WHEN his father Jim owned a boat shed in Sydney it made sense the path Frank O'Rourke was going to follow had to involve water.
It only took eight years for Mr O'Rourke to learn how to sail and he hasn't looked back, winning more than 20 state titles since.
"I grew up at The Spit in Sydney; my father owned the boatshed and we lived on top of the boatshed," he said.
"My father was a shipwright and an Australian champion in 16-foot Skiffs so I having a sailing club next door to us as a neighbour meant I took it up.
"I like competing and still enjoy sailing so I still do it. I started when I was about eight so that's about 50 years."
He will have the opportunity to add his state championship numbers when the NSW Arrow Catamaran State Championships head to Port Macquarie on March 13 and 14.
Outside of growing up and living on top of a boatshed, why did Mr O'Rourke take up sailing?
"I enjoy the whole thing about sailing because with these boats you can build them yourself, then you rig them and then you've got to set them up and compete," he said.
He doesn't subscribe to the philosophy that luck plays a part.
"It's not luck when the good boats keep winning; it's only luck if you do it once," he said.
"You've got to have concentration and experience first and some people are more naturally talented than others."
Last year at Toukley some broken equipment early in the weekend brought an end to his quest for glory.
"I had two wins and three did not starts," he said.
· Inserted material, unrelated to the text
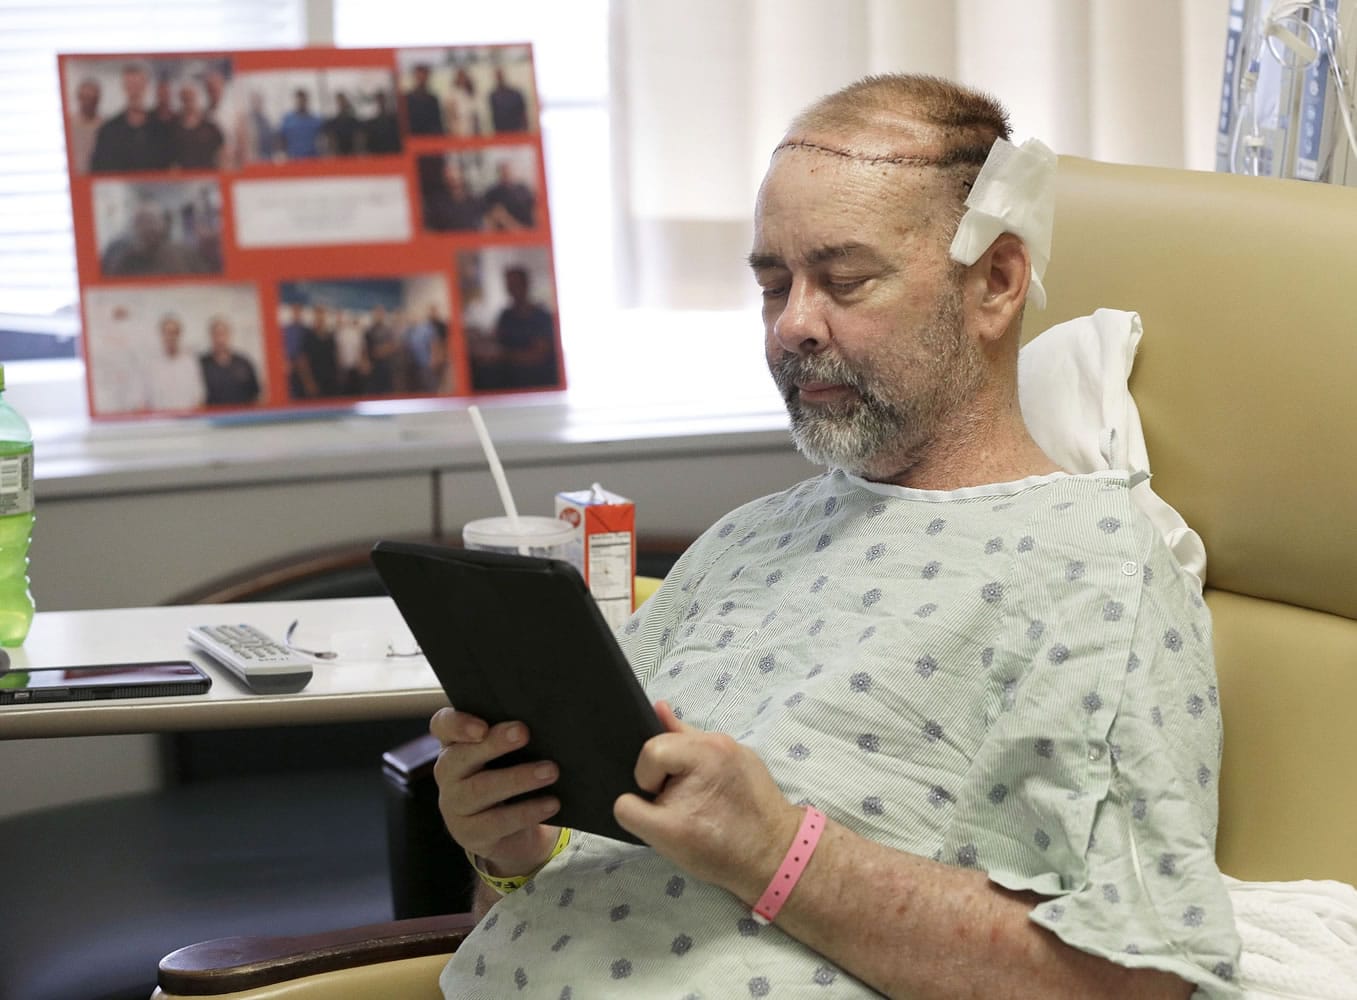 James Boysen reads messages in his hospital bed Wednesday at Houston Methodist Hospital, in Houston.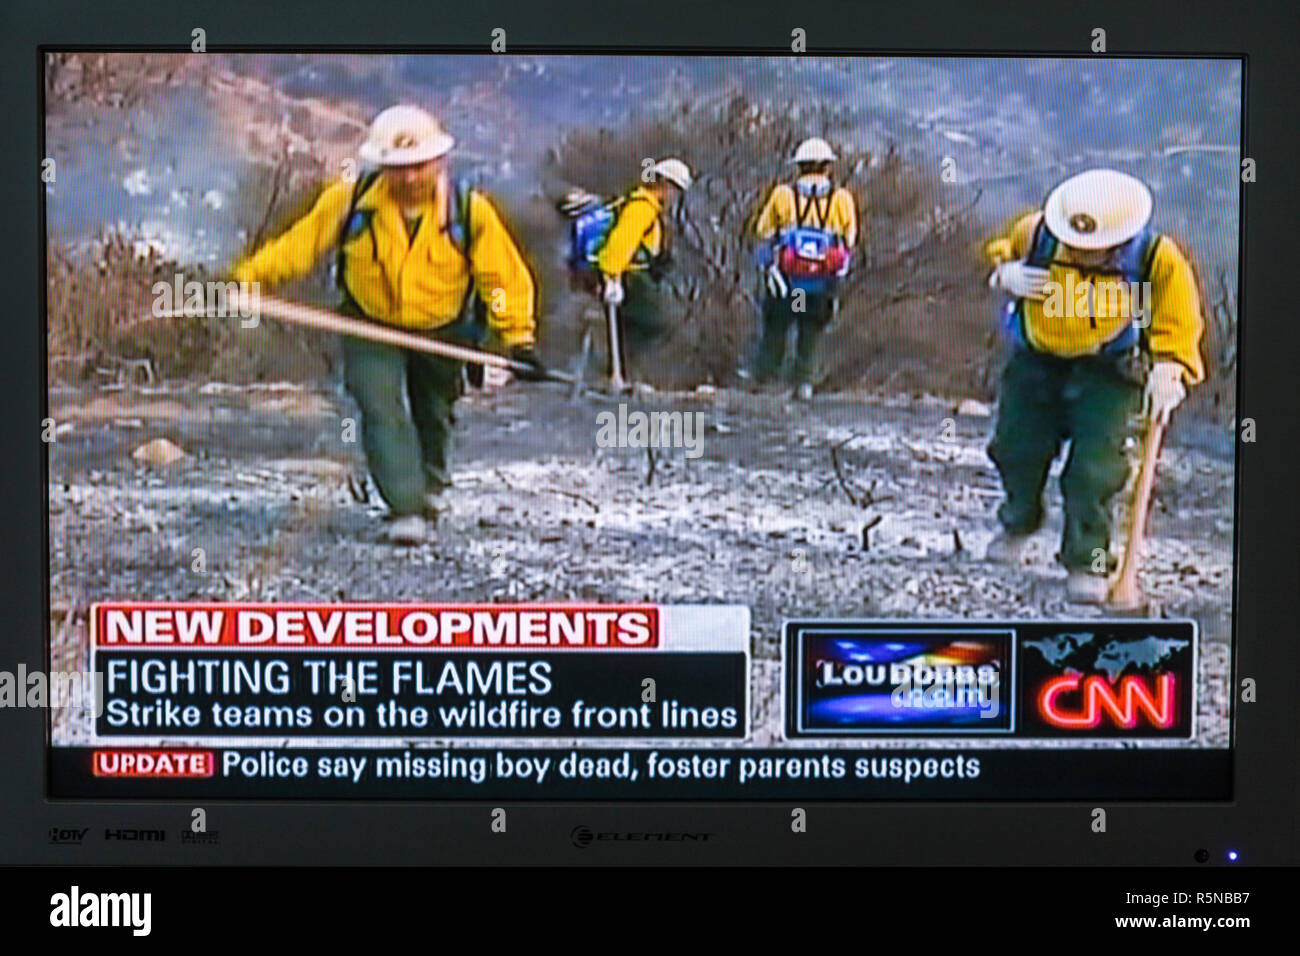 Miami Beach Florida,flat panel TV,television,set,screen shot,media,news,newscast,broadcast,cable,CNN,wildfires,firefighters,disaster,updates,FL0909120 Stock Photo

A number of boats from Coffs Harbour and Canberra will make the trip to Port Macquarie Sailing Club for the 2021 event, but there will be one sailor who won't be competing.
"It's hard to know who will be here because some of the guys are injured," Mr O'Rourke said.
"One of the guys Rohan Nosworthy is a very good sailor who is an Australian champion in a couple of other classes including Heron's and NS14s, but he won't compete which is unfortunate."